Hello,
Currently I’m developing a Confluence Plugin for Cloud enviornments, and I’m worried about data security. By creating this plugin, I doubt about any other Confluence plugin security.
I know there is a security program, but it relates to stored data, not network traveling data. Indeed, Confluence api encourages to send data in a non-secure way.
The problem here is that I want to notify about the problem I see, but I’m not sure about where to apply. I will explain it.
All communications with Confluence are done by HTTPS. That’s fine. But HTTPS doesn’t encrypt the URL itself.

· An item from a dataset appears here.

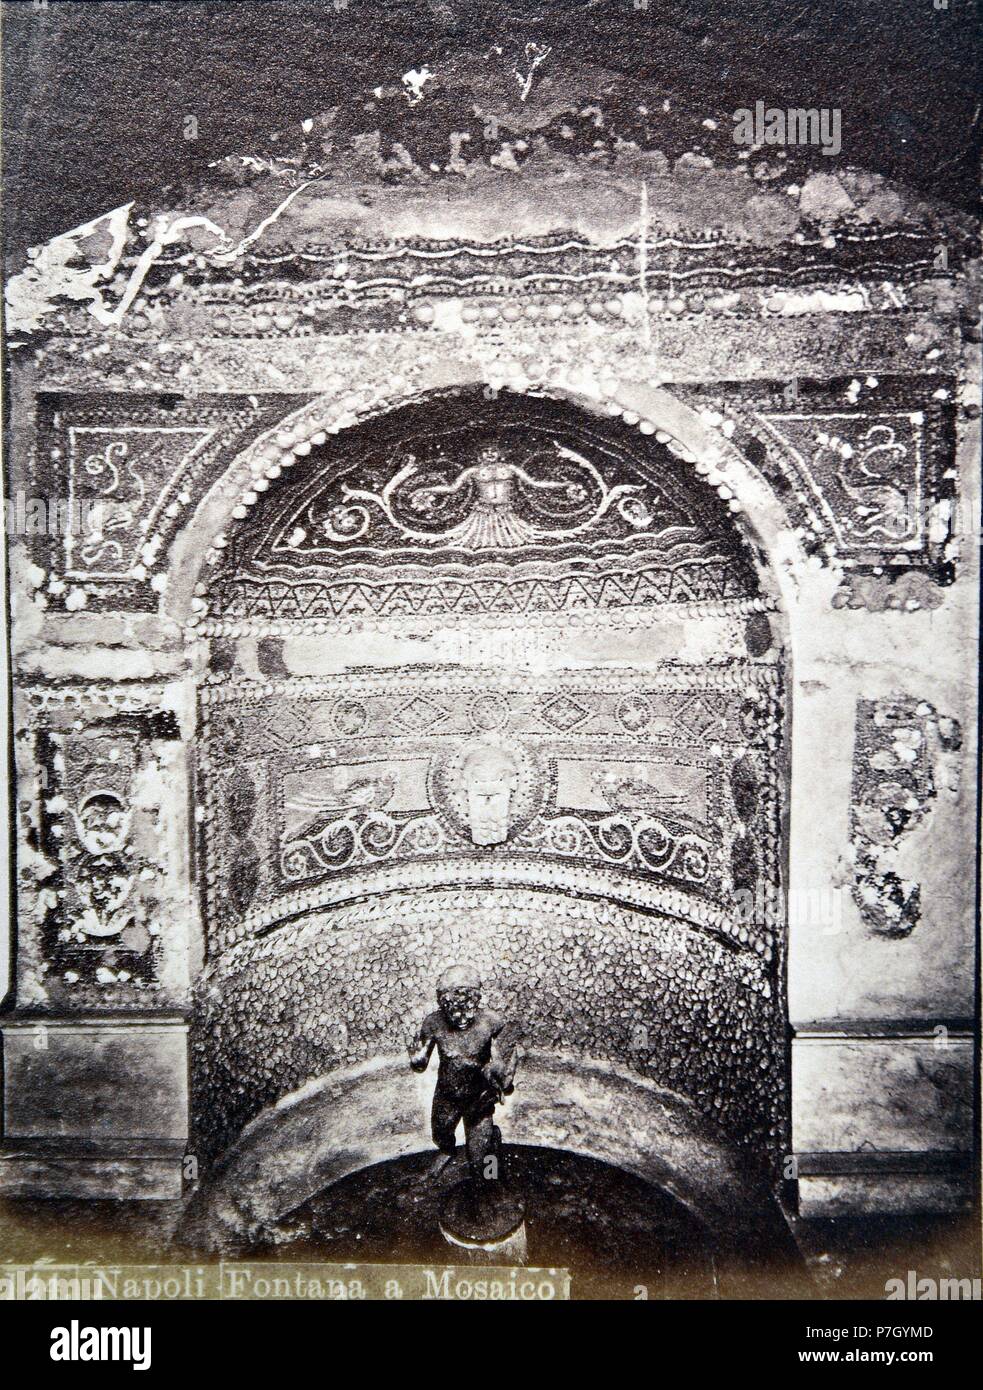 Napoli. Fontana a mosaico. Stock Photo
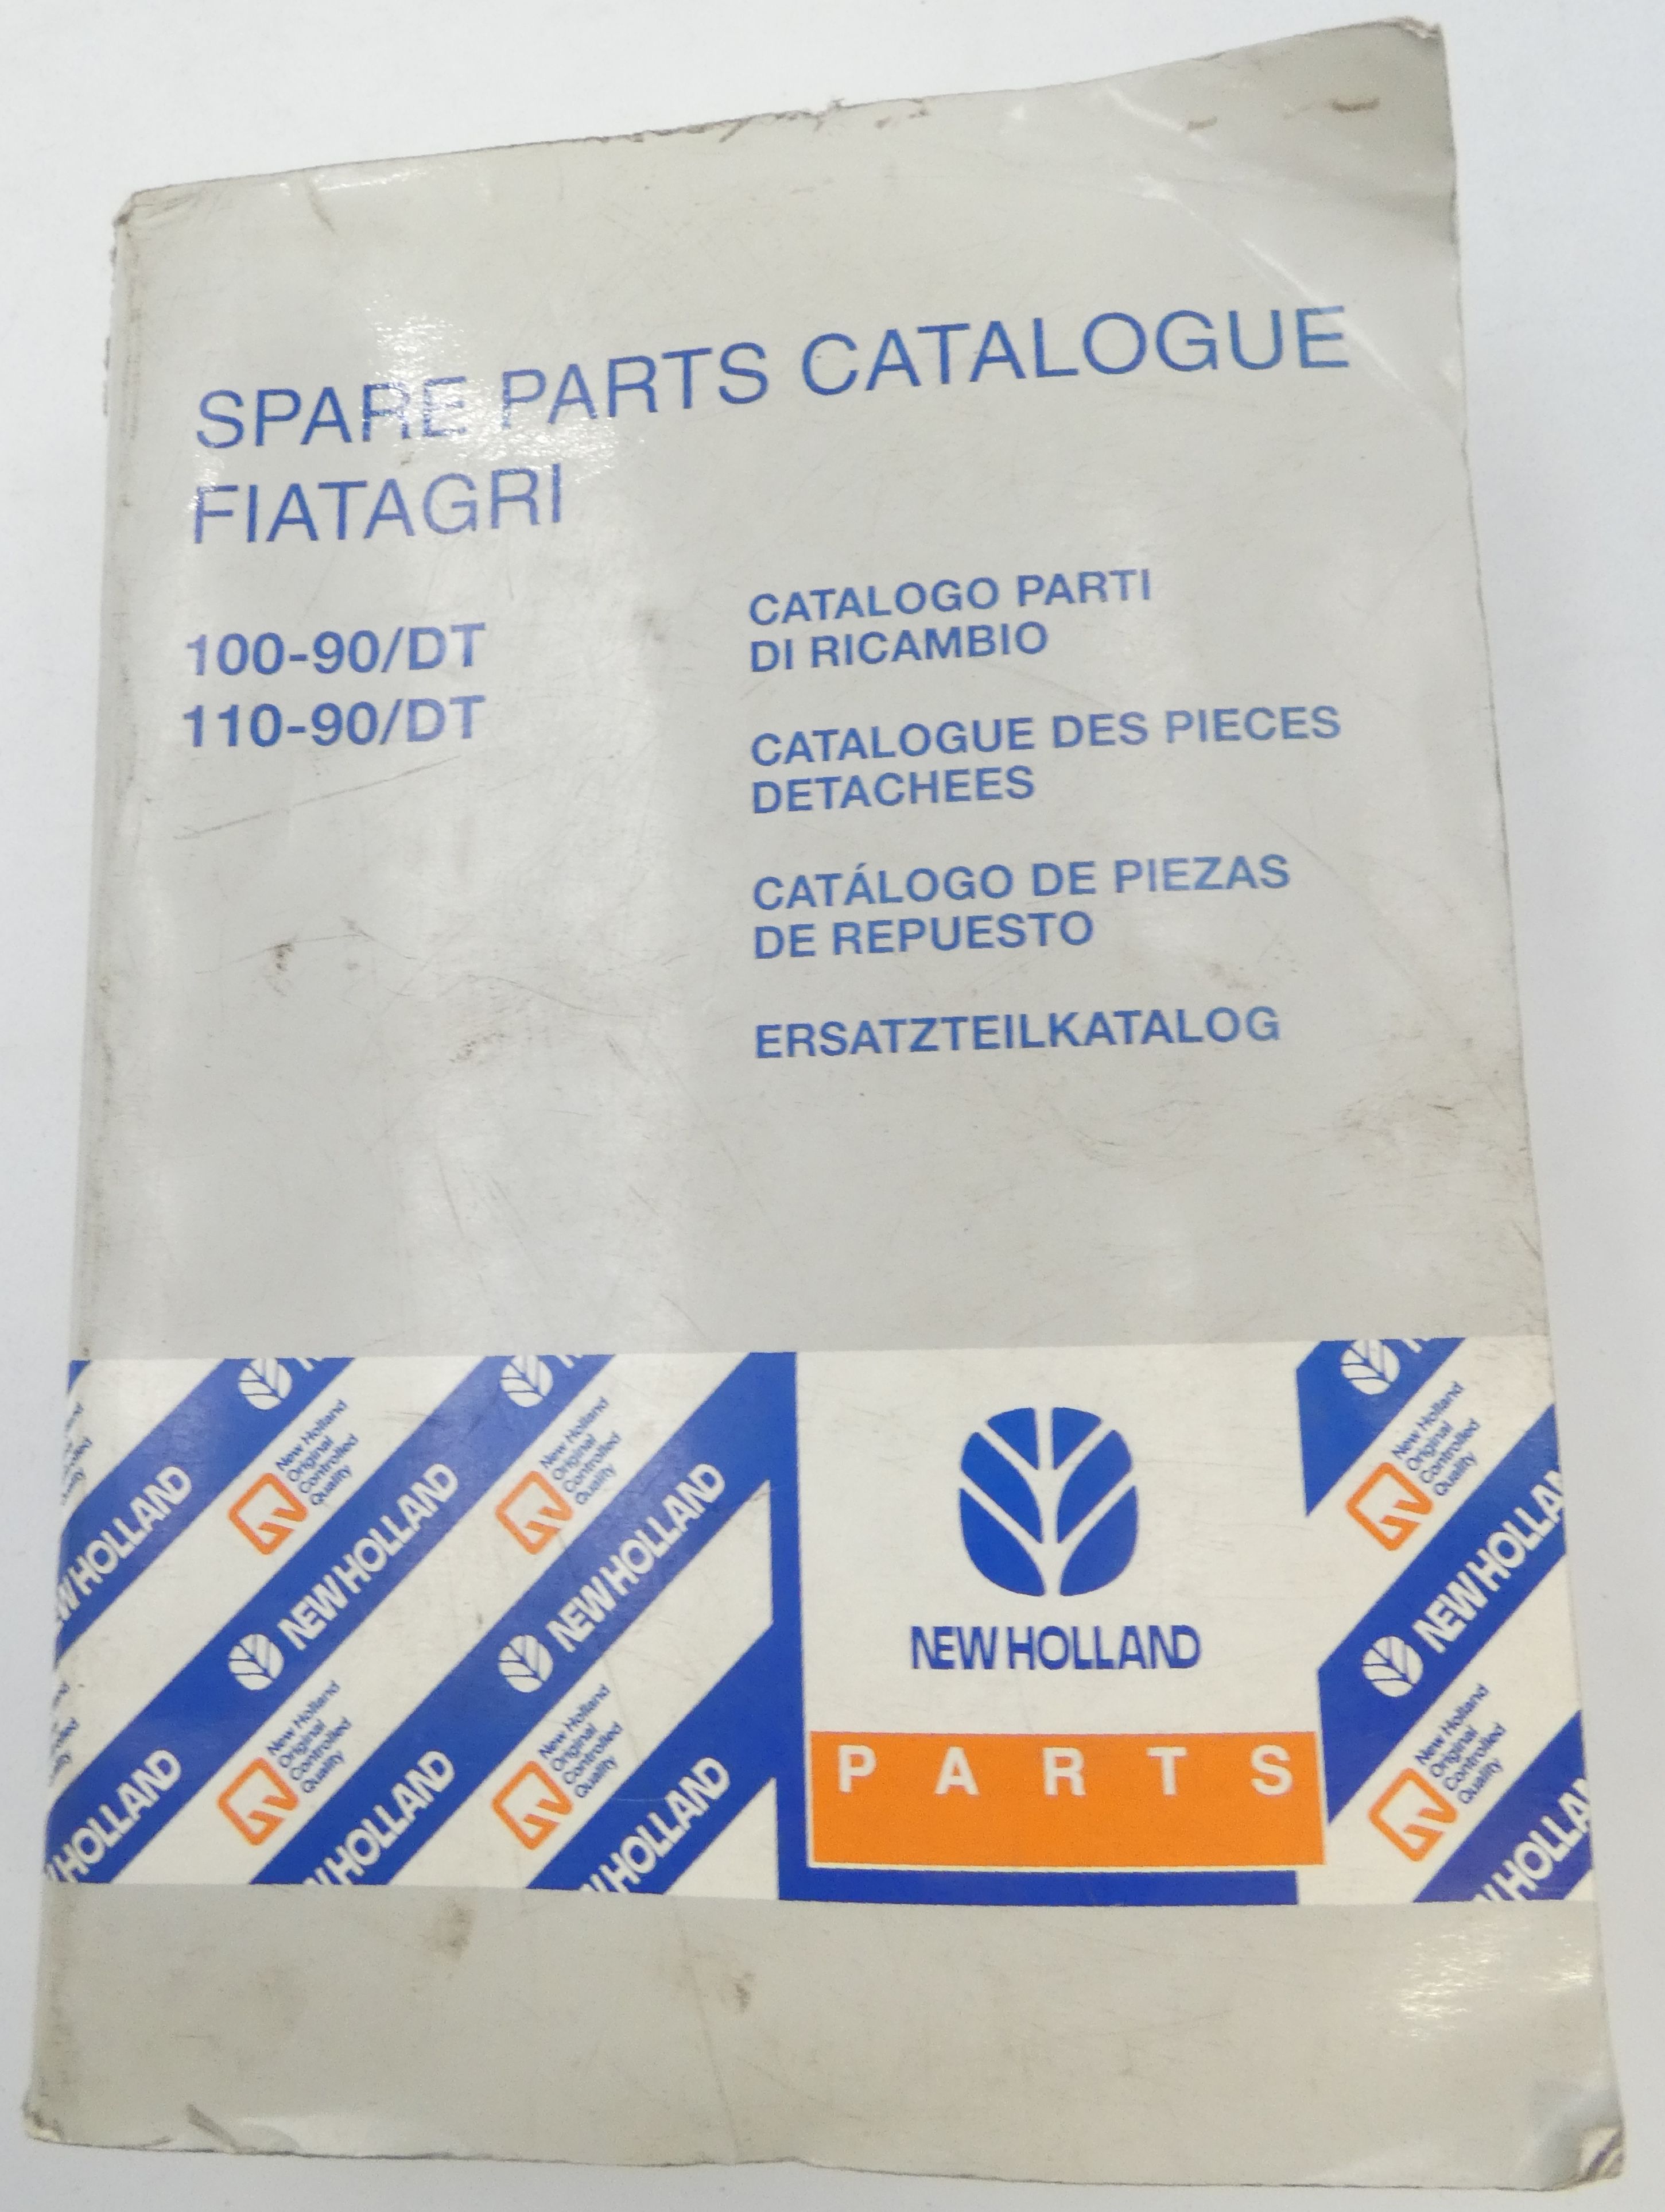 Fiat 100-90/DT, 110-90DT spare parts catalogue

According to documentation, a Confluence Dynamic Content Macro cannot use POST protocol, so any Dynamic Macro with {macro.body}
parameter will send data in the url, that is, in clear text.
Following the thread, Static Content Macros may use the renderingMethod GET so, they could have the same problem.
Indeed, in these two scenarios, it is possible to avoid the {macro.body} parameter and request the body to the server always, but this is going to be slower than using it (until macro.truncated=True). So, secure plugins will be slower than unsecure ones.
Finally, once the Editor is loaded, Plugin developers are running any JavaScript code they want, so potentially they could send a request over GET or an AJAX request over HTTP sending data in an insecure way.
I must say I already found at least two of these problems in the only plugin I’ve being looking.
So…
How much should I trust on the Atlassian Security program?
Do yo know if there will be future improvements in order to certify communications too?
How can my plugin (using GET minimal data and then POST and cyphered data for any server connection) show that it is more secure than others?
How should I send these concerns to Atlassian?